The ongoing back and forth over Archaeopteryx reminds me of the old Looney Tunes bit where Bugs Bunny and Daffy Duck keep going back and forth over which hunting season it is. “Duck season.” “Wabbit season!” “Duck season” “WABBIT SEASON!” In the same way, the argument over Archaeopteryx could seemingly go on indefinitely. The reasons why have everything to do with how both science and evolution work.
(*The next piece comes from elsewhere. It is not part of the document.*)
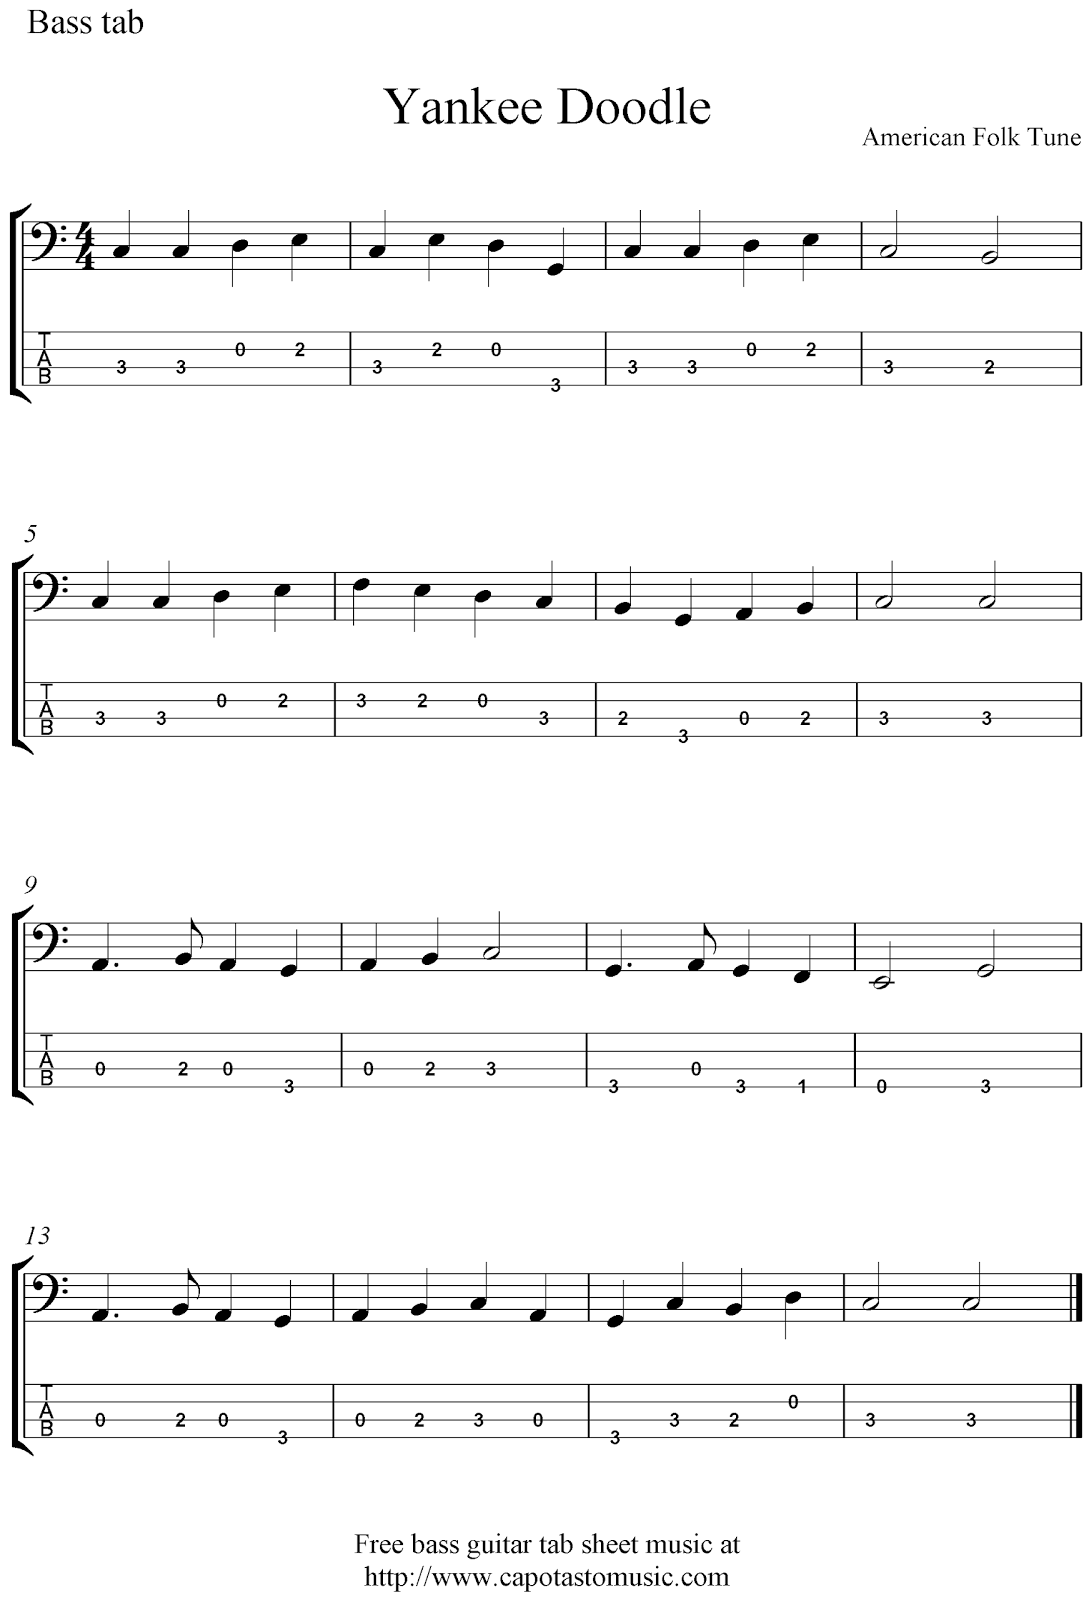 Free bass guitar tab sheet music, Yankee Doodle

The study of prehistoric life, like any other science, is not restricted to the slow and steady accumulation of facts. Facts are most certainly acquired through studies in the field and lab alike, but to tell us anything significant about dinosaurs, these facts must be understood according to theories and hypotheses. An exasperated Charles Darwin conveyed this truth eloquently in an 1861 letter he wrote to colleague Henry Fawcett:

About thirty years ago there was much talk that geologists ought only to observe and not theorise; and I well remember some one saying that at this rate a man might as well go into a gravel-pit and count the pebbles and describe the colours. How odd it is that anyone should not see that all observation must be for or against some view of it is to be of any service!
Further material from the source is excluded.